Ten–and 21–for today.


Working my way through the day 15 and 10 minutes at a time, I set the timer. It’s one of those days when sleep filled me, made me hopeful upon awakening, even after a pee trip and return to sleep, rare in itself (the going back to sleep part). An excited brain with a deadline is like a toad on crack. Reigning it in hard today.
 
I also drank a bit last night–a Stone on draft at happy hour. P and I went to dinner before the concert. His Christmas 2015 present finally arrived in a college stadium 80 miles from home–Twenty One Pilots, his favorite band these days. Or one of them. Having tapped into his on again off again creative piano playing and composing mojo lately, he was particularly ready to enjoy the show. And he did, dancing the night away.
 
I, on the other hand (not as familiar with the band), was glad to have had the beer and mushroom flatbread before the show, washed down with a cool glass of water out on that breezy terrace to the immaculate, tinged-with-class-and-hipness restaurant. A compromised restaurant between haute cuisine and bistro fare, I was satiated.

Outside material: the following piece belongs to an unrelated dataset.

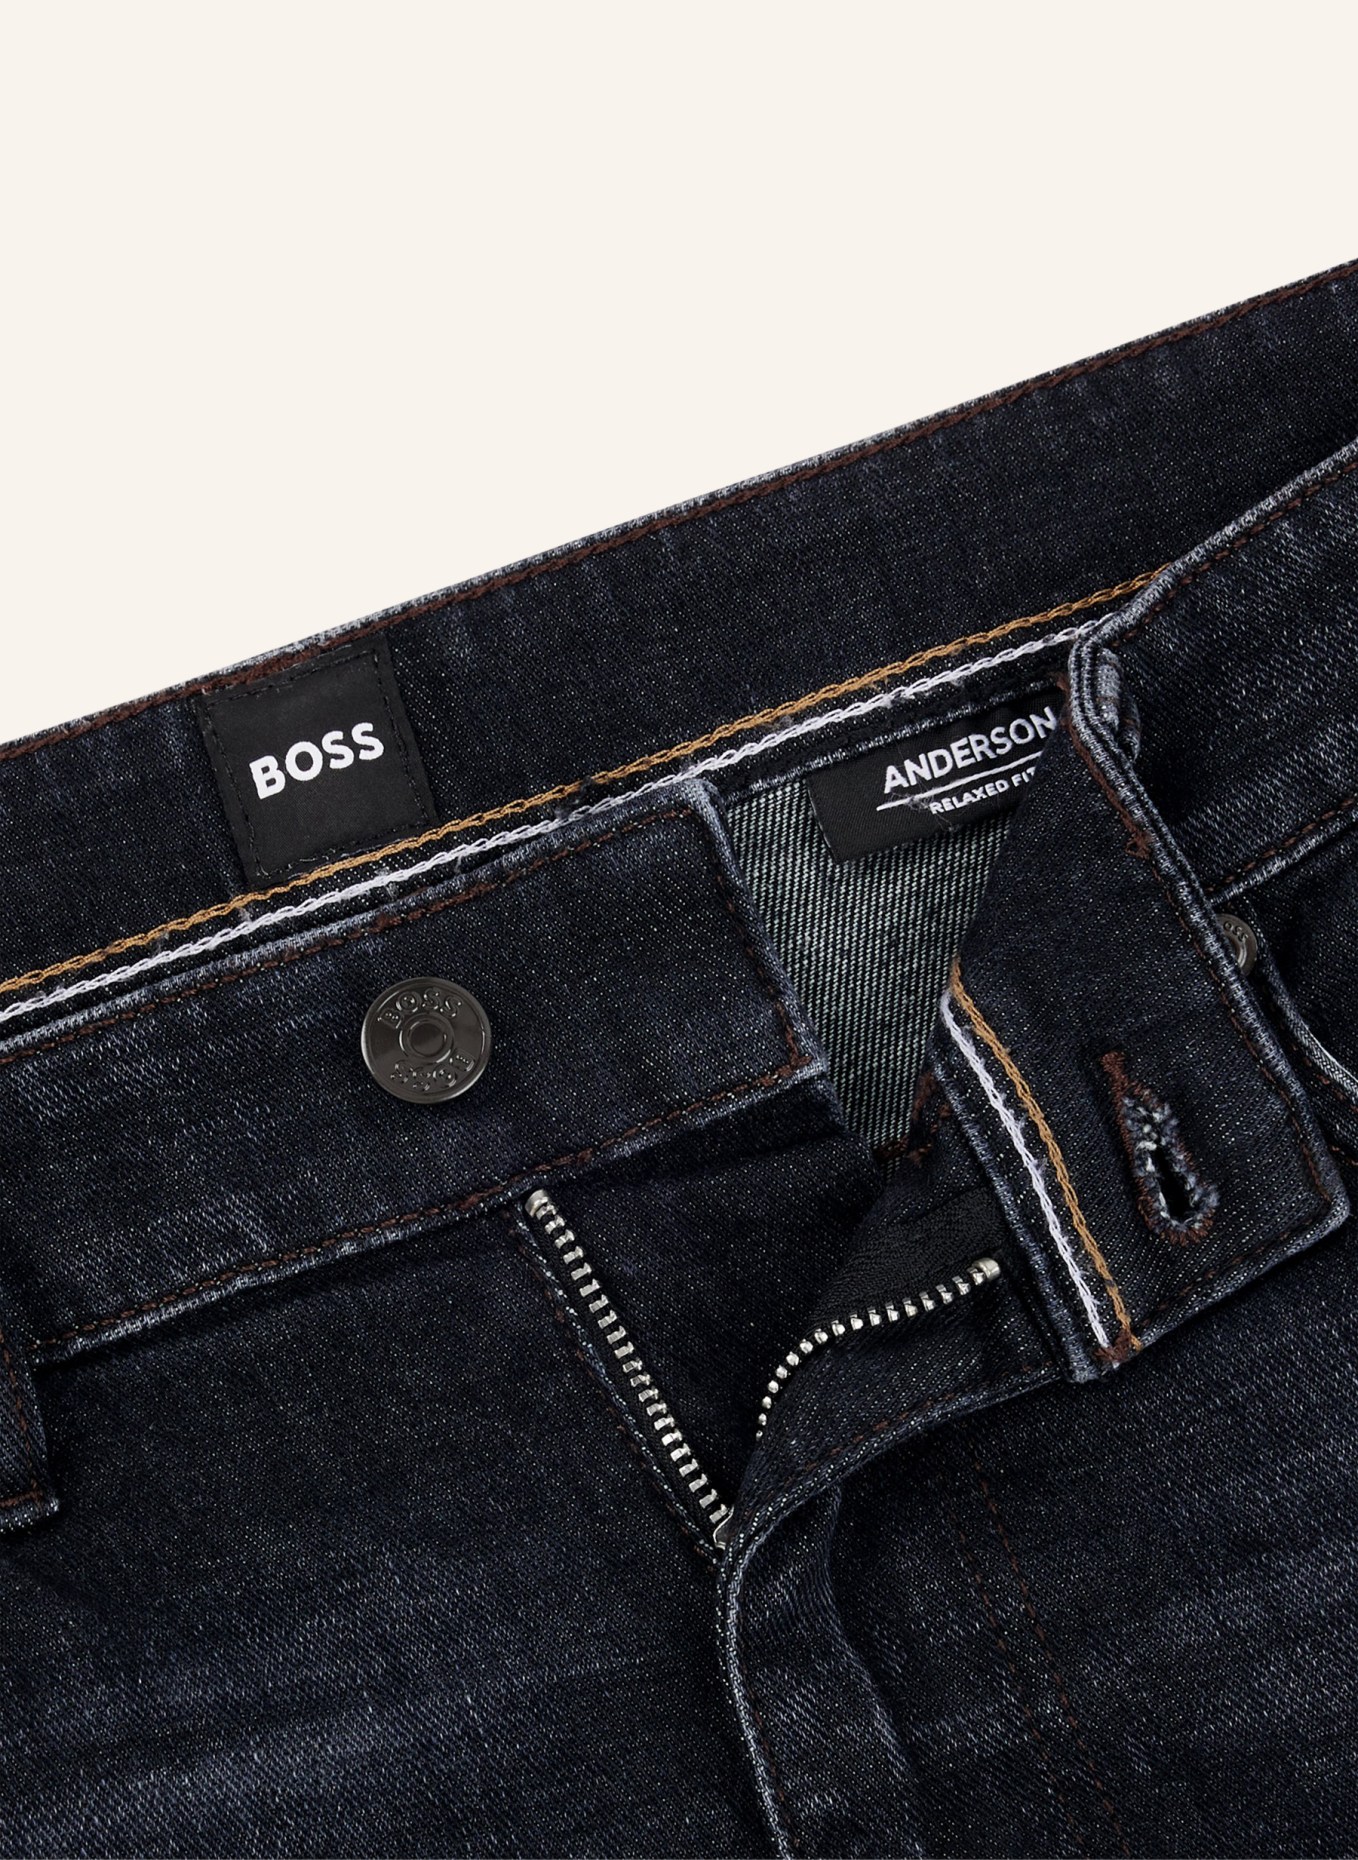 BOSS Jeans ANDERSON Relaxed Fit, Farbe: SCHWARZ (Bild 2)
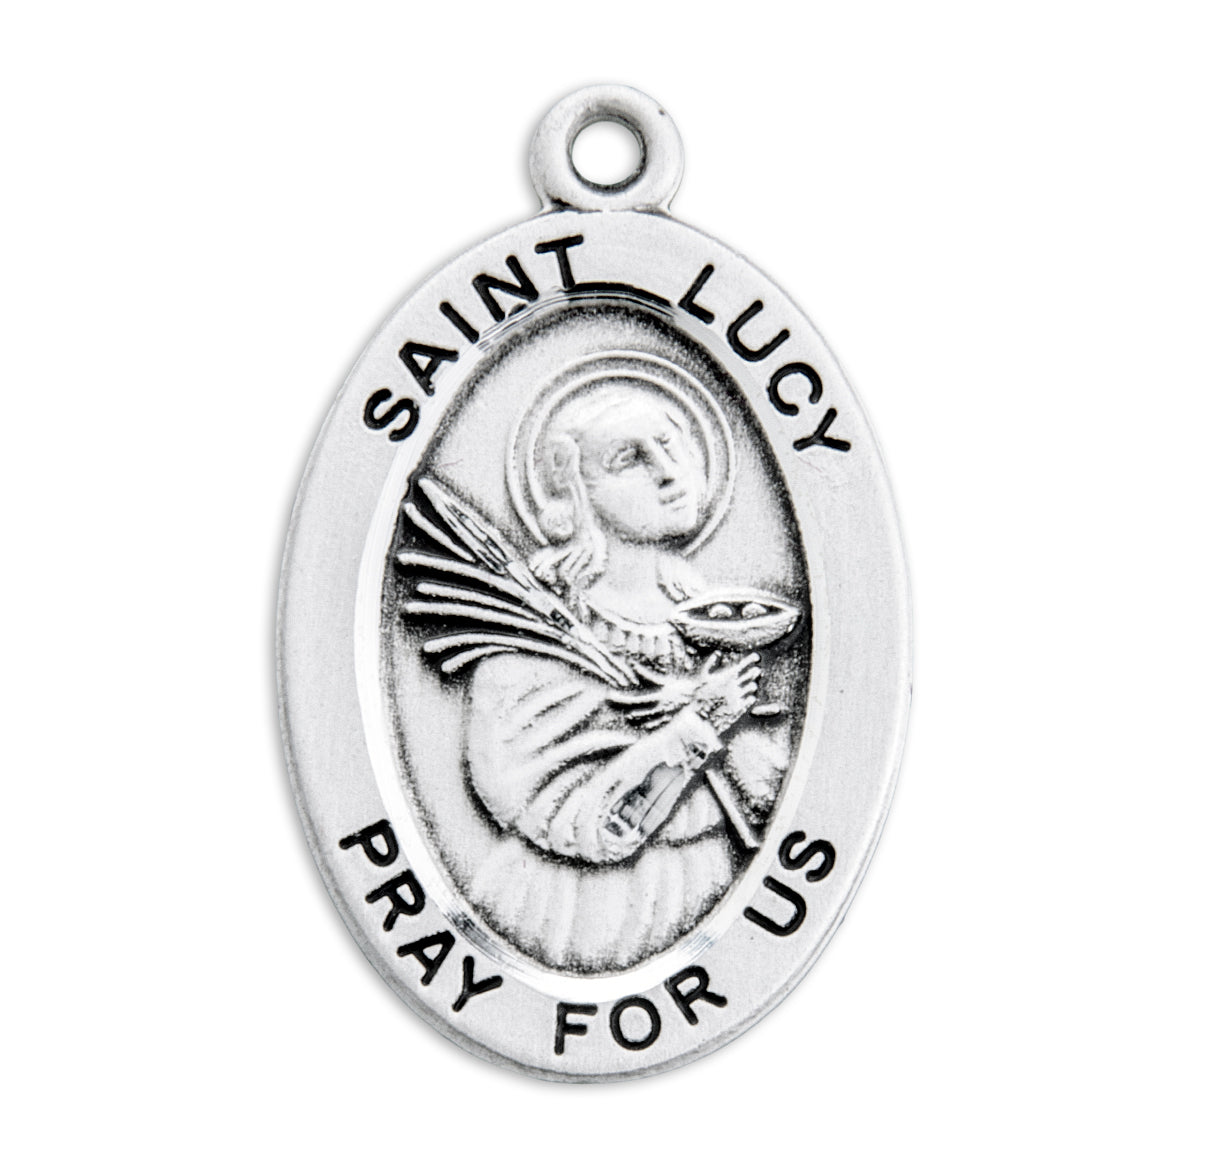 Patron Saint Lucy Oval Sterling Silver Medal

The cool beer and water helped when the stadium filled with hopping, singing, dancing, screaming and hugging mostly-younger-than-I fans turned stifling.
 
Two young women standing/swaying in front of me in the row ahead turned to me like they would to an older adult, like their mom’s or grandma’s friend, and mouthed the question with slightly furrowed brows, “Do you have water?” My slow shaking head side to side, the response, they sadly looked away. I was holding up well for two reasons: beer and water chaser before the show, and sitting down while the crowd stood. It’s called conservation, like the camel-hood I procured decades ago.
 
That’s right security dude checking us for contraband at the stadium entrance, who asked me sarcastically, which song was my favorite of this 20-something band, I’m old–and savvy. And, while you were busy busting my chops, I was smiling and smuggling by.